眼前的人,不想记得发生过的一切。
显然这个答案并不被六人接受,他们不约而同地冷了脸。
司渺最先反应过来,耸耸肩:“看到了吧,我说的没错。”
几人面面相觑,乌允轻轻叹了口气:“动手吧。”
什么意思?
容三湫微眯了眯眼,正准备开口,胸中突然涌起一股燥热,他猛地抬起头,死死地盯着面前的咖啡。
“我的容儿最怕吃苦,每次偷喝我的美式,都会偷偷吐出来,吐着舌头跟我讨亲亲,像只小猫崽一样,粘人又可爱。

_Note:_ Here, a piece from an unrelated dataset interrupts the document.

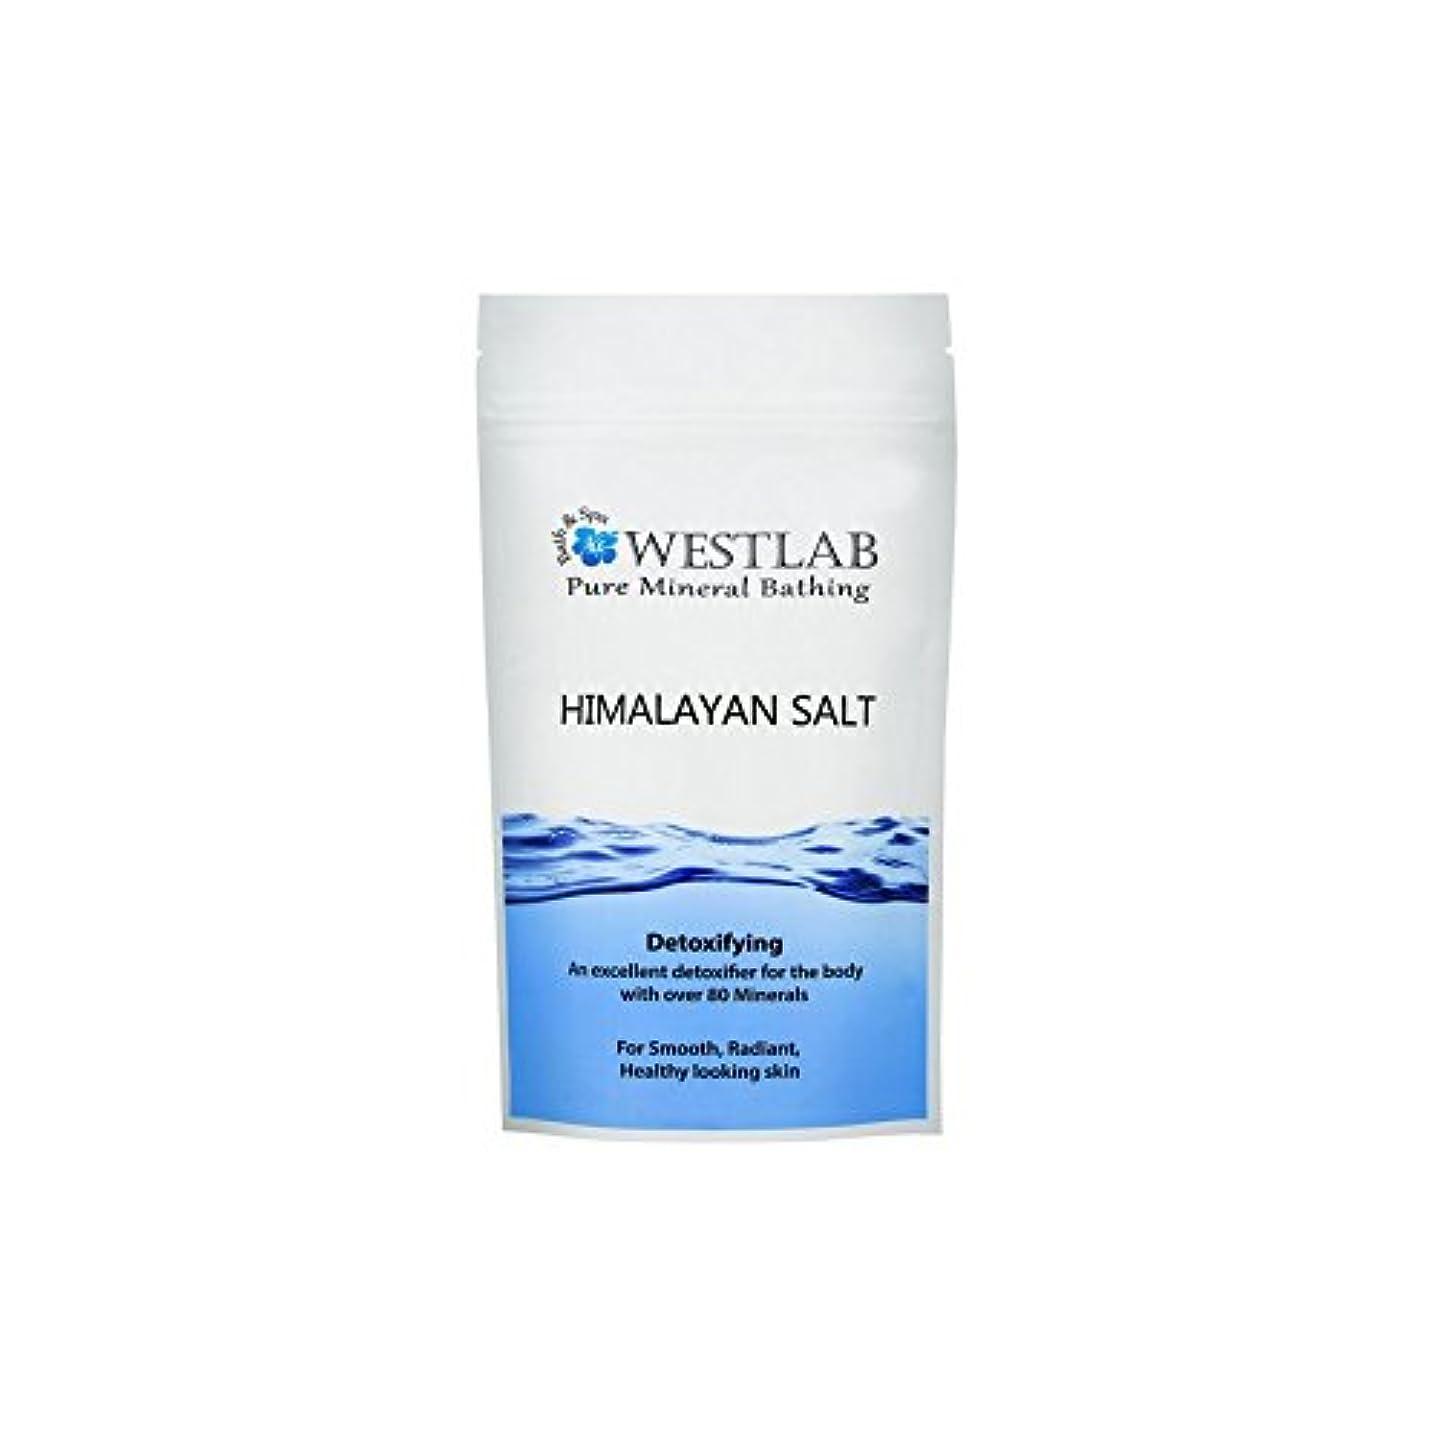 天国透けて見える高度なヒマラヤ塩の1キロ x4 - Westlab Himalayan Salt 1kg (Pack of 4) [並行輸入品]

”
“他曾经告诉我,这咖啡就像是苦药水,他爱我成疾,会陪我喝一辈子的药。”
易缚幽幽地叹了口气,目光中透出一丝哀伤:“我这么爱你,又怎么可能故意让你吃不喜欢的东西?”
容三湫脑袋一空:“咖啡……你是故意的!” 易缚绕过会议桌,来到他身边:“如果你愿意陪我,如果你在意我们的曾经,就不会中计了。”
容三湫脑瓜子嗡嗡的,气得说不出话来。
“容儿,当你推开那杯美式的时候,可曾想过推开的是我对你的一片真心?”
“他们都说你没有心,我不信,可事实证明,你确实没有心。”
“你是我的命,纵然你没有心,我又怎么会舍得让你受苦。”
“你特么能不能别bb了?!”
容三湫抓起桌上的卡布奇诺,摔在他身上。
易缚被砸懵了,价值不菲的手工西装上全是咖啡渍,霸总式深情告白被迫终止。
容三湫压下心底的燥意,睨了他一眼:“有病吧你,连谁说的话都分不清,爱喝药自己喝去。”
他的记忆中没有易缚的描述,可见那些话和比喻都是易缚和另一个人的故事,被凌曜粗暴的转移到了他身上。